LA CROSSE, Wis. (WXOW) - Video games can be entertaining, but could they also help improve mental health? Some new games are specifically targeted for those who suffer from depression and anxiety.
After a long day at work, Cheri Plevek loves to sit in front of her computer and load up her favorite video game. So when she heard about a new breed of games designed to help her fight her lifelong battle against depression and anxiety, she had to give them a try.
"You have quests that you do and you earn points by doing something as simple as getting up out of your chair and getting moving, to calling a friend, hugging yourself," said Plevek.
According to the National Institutes of Health nearly 15 million Americans suffer from major depressive disorder and 40 million from an anxiety disorder.
Psychologists are looking at these video games as a new way to reach those who need help.
"A lot of them look exactly the same as games that someone could play just for fun. So they may have cartoon characters, they could have missions, but embedded in that game are treatment mechanisms," said Tracy Dennis, Professor of Psychology at Hunter College.

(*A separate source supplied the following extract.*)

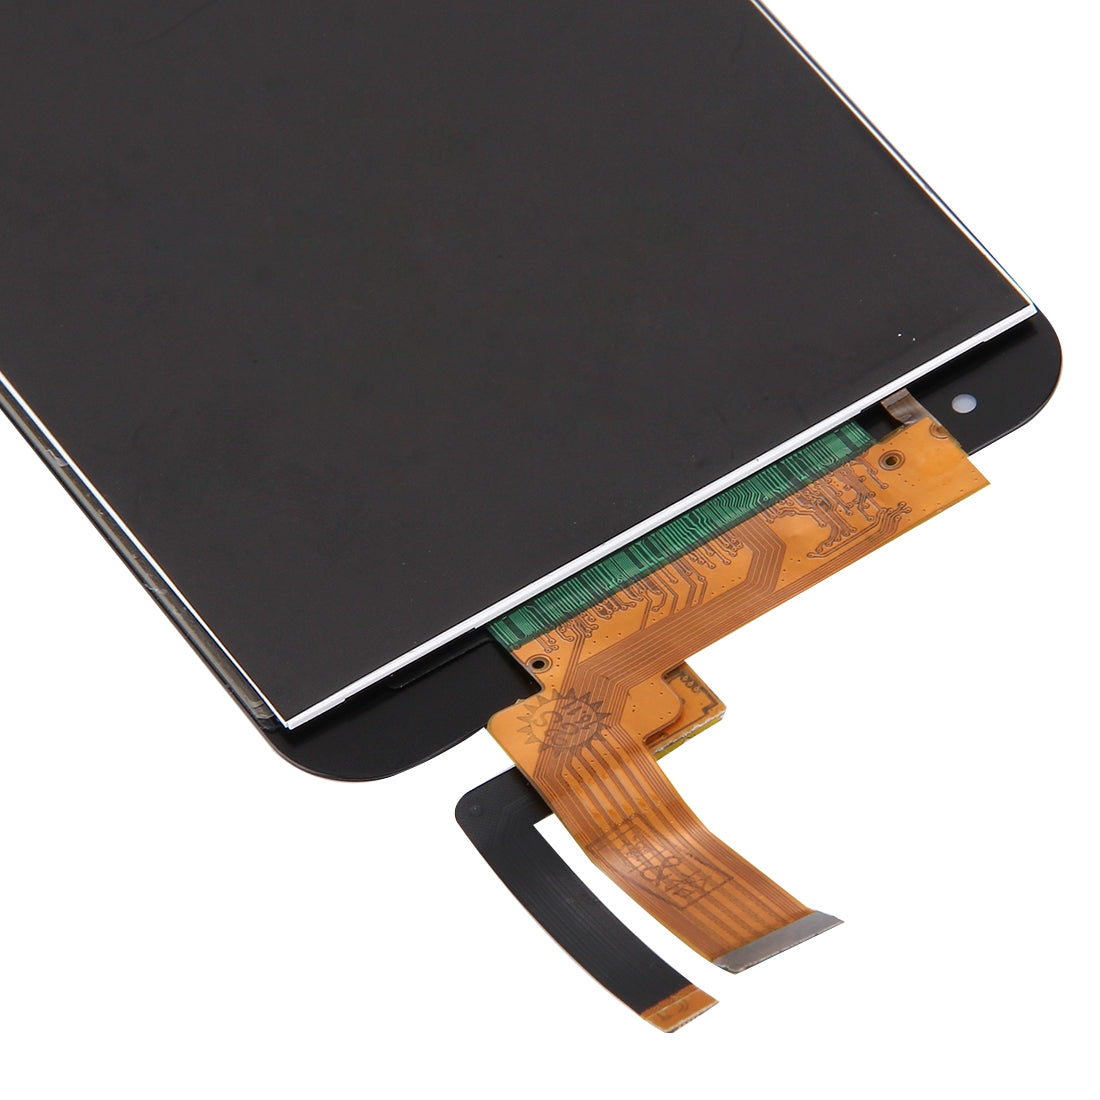 Pantalla LCD + Tactil Digitalizador Meizu M1 Note Negro
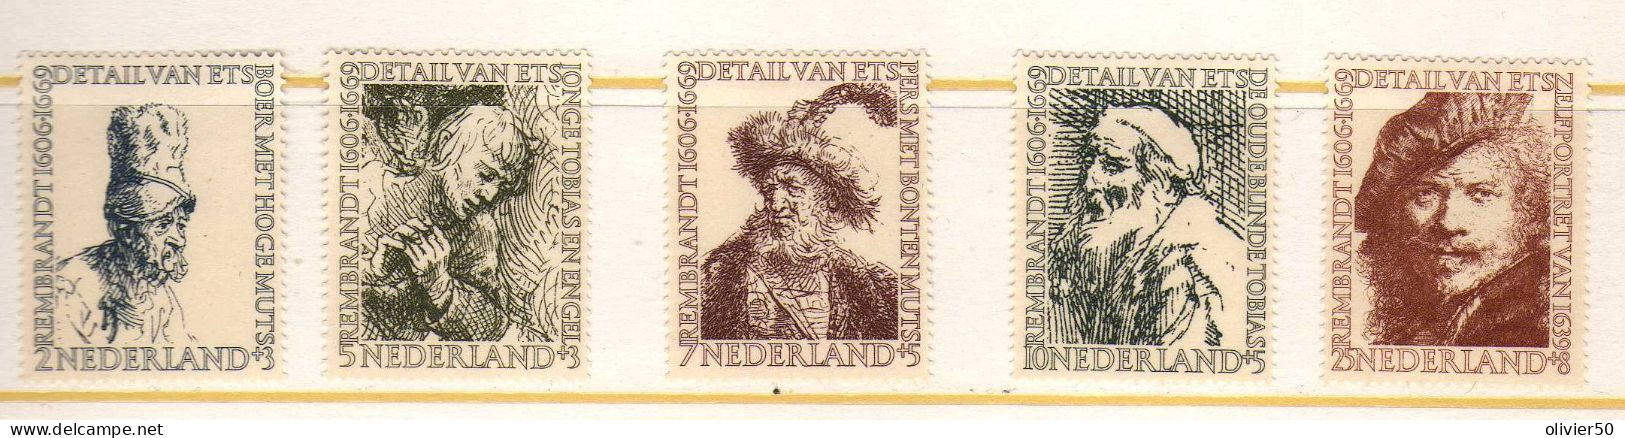 Pays-Bas -1956 - Rembrandt -  Neufs* - MLH - Neufs

Dennis designed one such game called Personal Zen. She said preliminary findings show after playing the game for 20 minutes the brain starts processing negative information differently.
"We can train an anxious person to pay less attention to threat, to pay more attention to positive things in the game and then that eventually transfers to how they look at, and pay attention in, the real world," said Dennis.
It's an idea that's caught the attention of other mental health professionals as well. The National Institutes of Health is funding a study to research the effectiveness of one game, saying, "Gaming technologies may offer promising new ways to supplement traditional medical care."
Doctor Scott Bea, a clinical psychologist, agrees. He believes that games could appeal to patients who are reluctant to seek out treatment.
"I think people resist less if it feels like a game, if it feels like fun. And we can train people even while they're having fun," said Bea.
However, Bea is concerned about some people underestimating the seriousness of their illness and downloading the game instead of seeking professional help. "The game itself might not be tailored enough to their specific condition so again we may be missing the target if we don't have some guidance on what the real target is," said Bea.
As for Cheri, she said these games are a great complement to her regular therapy and has no plans to power down anytime soon.
"When you add in the activities, quests, and other things that help you raise your mood and feel better about yourself, it's just a joy, a joy to play."
Both Dennis and Bea agree that more research is needed before doctors will start prescribing these games for treatment.